This was not unexpected, given that other companies involved in shale announced an operating profit for the first quarter of the year. One such company that I just covered was Chesapeake (NYSE:CHK), which is generally not thought of as one of the best in the shale patch. The fact that EOG (NYSE:EOG), which developed a reputation in the shale patch as one of the best, announced a profit did not surprise me. If there is anything to be surprised of here is the fact that the operating profit was only $108 million on revenue of $2.6 billion. Chesapeake by comparison had an operating profit that was double, on similar revenue, as I pointed out in a recent article.
So why is EOG not even more profitable? The answer may lie in a comparative analysis of latest well performance data compared with many of its peers. This of course does not tell the entire story, because there are other factors, such as capital & interest costs per well, as well as operating costs. It is nevertheless a decent indicator of what one might expect in terms of profitability.
I chose Diamondback (NASDAQ:FANG) and Cimarex (NYSE:XEC) as comparisons, because they are Permian operators, which happens to be the hot shale field right now. EOG on the other hand relies to a great extent on the two fields which since 2014 have been exposed to be far less profitable than claimed by industry and analysts, namely Eagle Ford and Bakken. It is true that EOG is sitting on some of the more coveted core acreage within these two fields. Even so, there is a clear pattern emerging showing that EOG, which was often thought of as the safe shale bet, which can be profitable at a reasonable price level, may not necessarily be such a top performer anymore, relatively speaking.
It is true that the chart above does not tell the whole story in terms of product mix, which obviously affects the revenue per Boe, or the cost of drilling, which affects the capital costs. Operating costs also make a very significant difference, as does the financial situation of each company. Even taking all those considerations into account however, it is hard to argue that EOG's wells in the Bakken, producing only slightly above 700 b/d in the first 30 days will come close to some of the better plays in the Permian, such as Diamondback's Midland wells, which also produce mostly crude oil.
EOG's Eagle Ford play may see a gradual decline in profitability.
EOG's most important play historically speaking is its Eagle Ford acreage, which includes acreage in Karnes county which has been the most important oil producer in the field by far.
There are currently over 6,800 drilled wells in Karnes county, meaning that there is now an average of about nine wells per square mile. I have no doubt that thousands more wells will be drilled in this county, and EOG will play a big role in that. While I am not sure just how saturated EOG's Karnes county acreage is, the fact that its acreage dominates the oil window of the county suggests that EOG does not have much further room to drill there.
As we can see, EOG acreage dominates the Karnes county oil window. It also has significant acreage in Gonzales county, which is known for superior production per well. Gonzales is also one of the top Eagle Ford oil producers. It is in core places such as this that EOG managed to build its reputation as a top shale company in terms of not only size but also potential profitability. EOG's own data gives us a clear indication of this as it divides its Eagle Ford data in East & West. Karnes and Gonzales counties are in the Eastern part.

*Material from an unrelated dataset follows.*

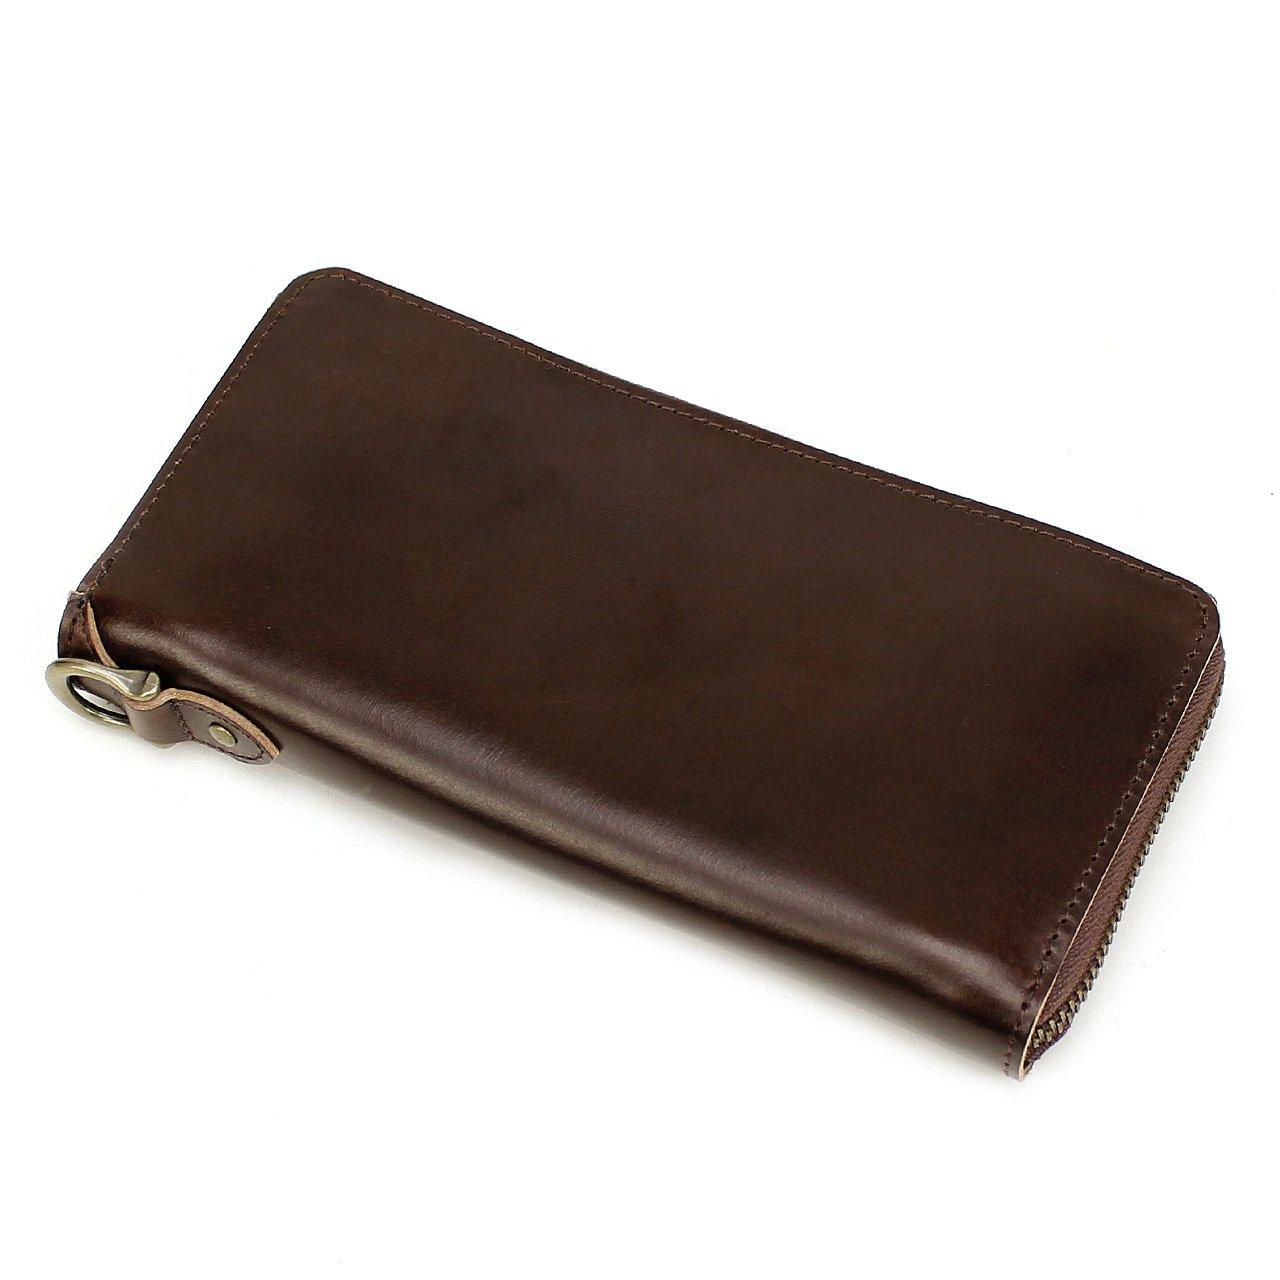 AVIREX BEIDE SERIES アヴィレックス バイドシリーズ ラウンドファスナー長財布 小銭入れあり AVX1806 B01N31G9KG チョコ

As we can see, the Western part has significantly lower production per well, despite much longer laterals. If we take a step back and contemplate this information, it means that EOG's Eagle Ford acreage, which is a major part of its overall business is about to get a whole lot less profitable as it moves away from drilling from more profitable counties such as Karnes and Gonzales and moves more into the less profitable counties in the Western part of its Eagle Ford acreage.
It is true that EOG is sort of staying ahead of this problem, including through acquisition of new drilling opportunities in the Delaware basin and Northwest Shelf through its deal with private company Yates. Through such deals EOG is set to become less dependent on its currently very important Eagle Ford acreage. Nevertheless, the end of the golden era of its prime Eagle Ford acreage production may still have a significant negative effect on the overall profitability of this shale champion going forward. It remains to be seen whether the new areas will pay for themselves or not.